# Yesterday....



## Beanflip (Sep 11, 2010)

...for the "Gamekeeper catapult shot of the month".


----------



## Grandpa Grumpy (Apr 21, 2013)

Nice shooting Mike! It was interesting to watch you make the slingshot on Periscope, especially the wrap and tuck with the little slots.


----------



## Beanflip (Sep 11, 2010)

Grandpa Grumpy said:


> Nice shooting Mike! It was interesting to watch you make the slingshot on Periscope, especially the wrap and tuck with the little slots.


Great! Glad you joined me. What's your Periscope name?
The slot modification is as I said.. a great tip from Tex Shooter!


----------



## treefork (Feb 1, 2010)

Probably the most satisfying shot . Nice shooting Bean !


----------



## Beanflip (Sep 11, 2010)

treefork said:


> Probably the most satisfying shot . Nice shooting Bean !

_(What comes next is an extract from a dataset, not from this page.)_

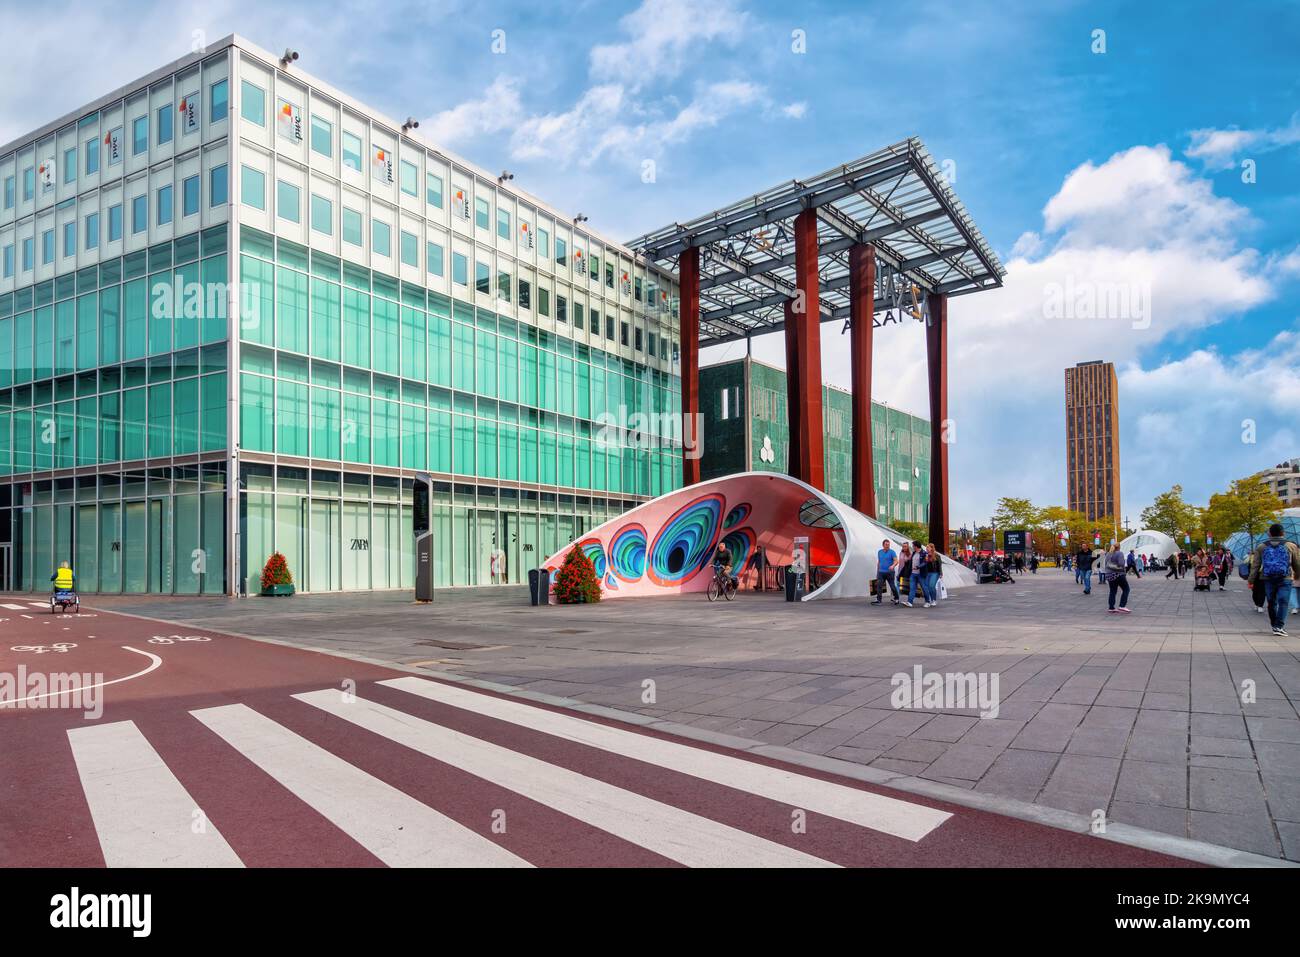 Eindhoven (Piazza), Netherlands, 2022: Shopping square with large canopy at Piazza shopping mall entrance, designed by architect Massimiliano Fuksas. Stock Photo

It lights a fire in more ways than one! 
Always more excited about shooting after a light!


----------



## Grandpa Grumpy (Apr 21, 2013)

Periscope name is Greg26


----------



## Chuck Daehler (Mar 17, 2015)

Geez! More than just "pretty good"..you are too modest. Lemme just say this, you are REAL pretty good!


----------



## Beanflip (Sep 11, 2010)

Grandpa Grumpy said:


> Periscope name is Greg26


Thumbs up!


----------



## Can-Opener (May 11, 2013)

Way to go Bean!


----------



## oldmiser (Jan 22, 2014)

nice shooting.."let there be fire"..cute little shooter...

OM.


----------



## Charles (Aug 26, 2010)

Very nicely done, Bean!

Cheers ..... Charles


----------



## alfshooter (May 11, 2011)

:thumbsup:


----------



## Volp (Aug 25, 2014)

we have "fire"!!

Great shooting man!

Volp


----------



## fsa46 (Jul 8, 2012)

Bean, you could shoot a " wishbone " if you strung one up. WTG

With Thanksgiving around the corner....stay tuned.


----------



## Kalevala (Jul 20, 2014)

Really nice shooting :thumbsup:

Looks almost like the first shot was a miss on purpose so it wouldn't look too easy.


----------